Inflammatory? You bet. Media fodder? That too; it sparked plenty of coverage, including a column by the New York Times' Maureen Dowd, and Blum was asked to comment on it for a radio show. But when she took a look at the actual study, what she found was far different from what the press was reporting.

"The question they asked was not whether men would rather date bosses or secretaries," she told me. "It was whether they'd be more attracted to a women who could tell you if you could go to the bathroom or not, or a women who brought you coffee."

Of course, most people don't do what Blum and Wolf do, and read the actual studies being cited and reported in the media or during public policy debates.
"We get gamed by the system because institutions and government agencies are promoting themselves, and most people haven't taken a statistics class, and aren't professional science journalists with all this time to wallow around in a scientific paper," Blum said.

She cautions against believing numbers without some kind of understanding of where they come from.

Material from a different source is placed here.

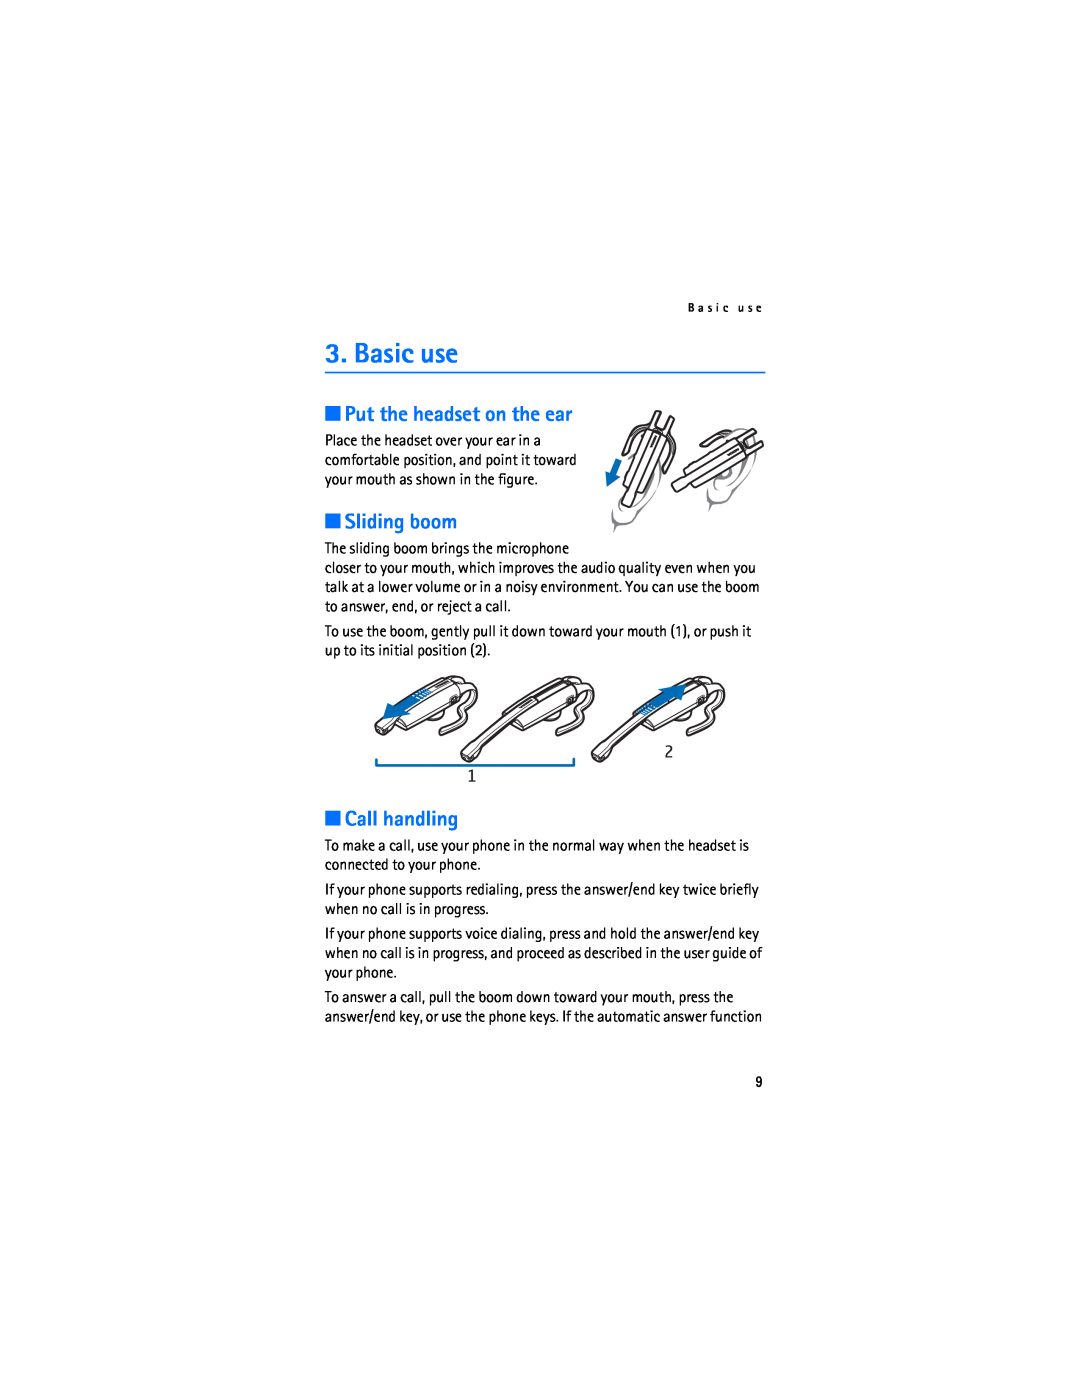 Nokia BH-900 manual Basic use, Put the headset on the ear, Sliding boom, Call handling 
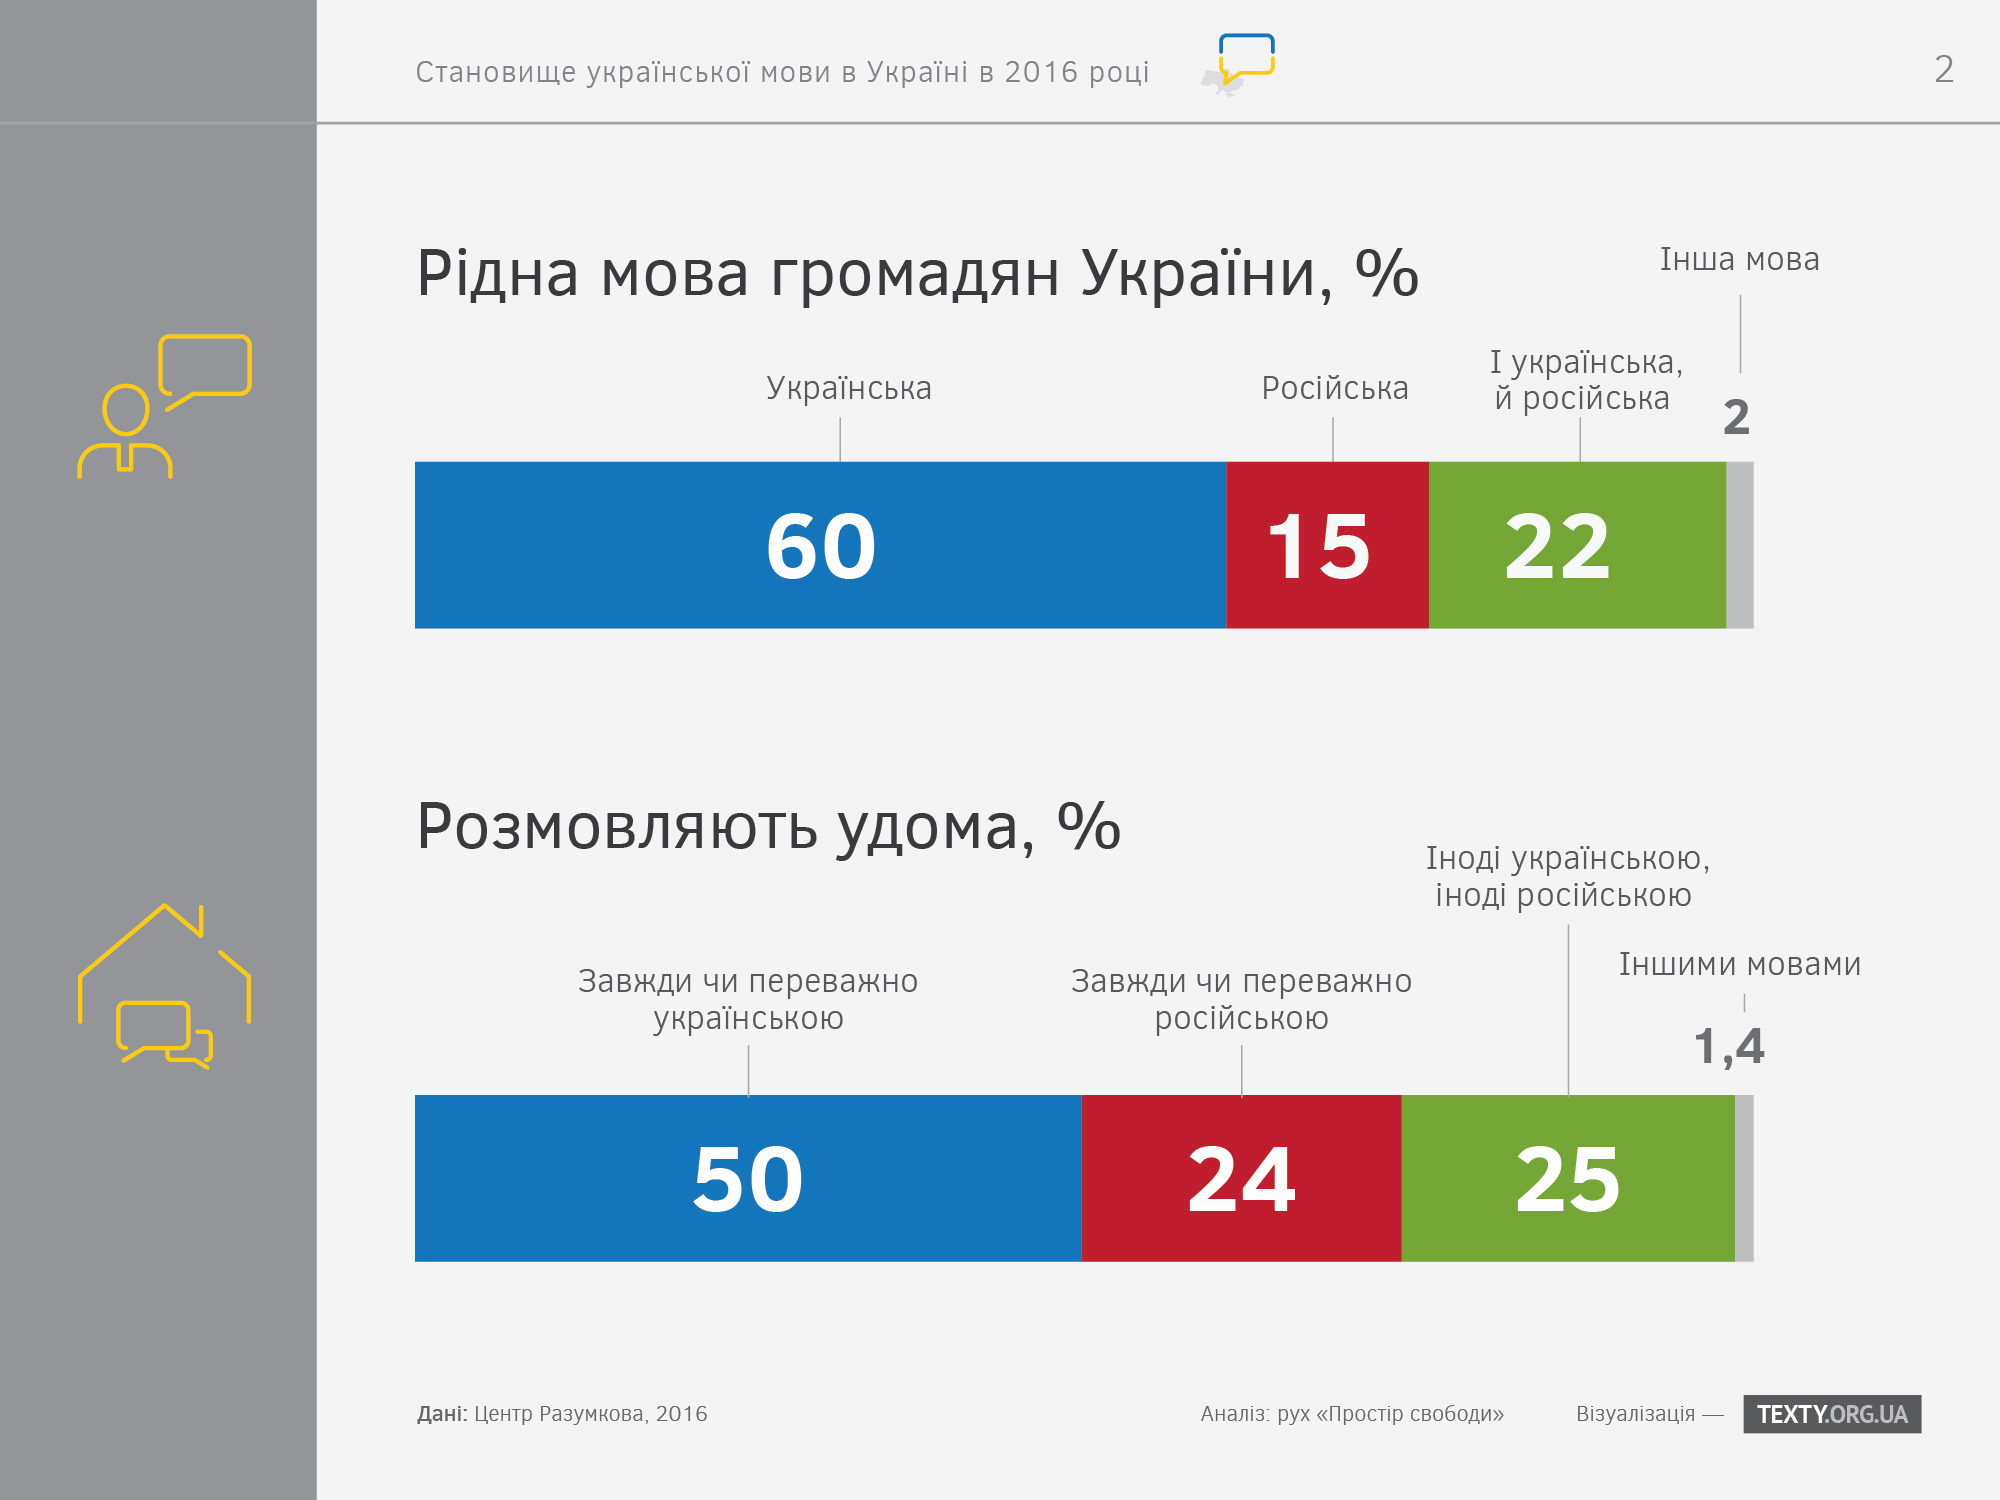 ridna-mova-gromadyan-ukrayini-infografika

"There's some outstanding work out there, and sometimes numbers give us a valuable portrait of what's going on," she said. "But if you're talking policy issues that affect the lives of people and of animals, that influence our lives in an everyday sense, you have to realize that numbers can be deceptive in their simplicity, and often tell a false story."

Getting back to cats, why does this matter? Tall tales about rampant feline reproduction and predation rates, and their persistence even after being debunked or challenged, can be a matter of life and death for feral and free-roaming cats. If large numbers of people believe -- and convince public policy makers to believe -- that a single unspayed cat can produce 420,000 descendents in seven years, and that cats kill a billion songbirds every year, it becomes very easy to argue for the mass trapping and slaughter of free-roaming cats in the name of protecting birds.

Cat advocates obviously don't want to see that happen, so the fact that they're often thevery ones quoting the 420,000 number is particularly ironic.
But bird advocates shouldn't want to see it happen, either. After all, public policy based on bad data is going to be ineffective, and if your bird protection plan is based on a lie, it's not going to save the birds whether you get rid of the cats or not.

"You end up spending all your time fighting over some statistic," said Wolf. "Which means you're not having the discussion that will move the issue forward. You're getting mired down in a process that can never result in an actual solution to the problem."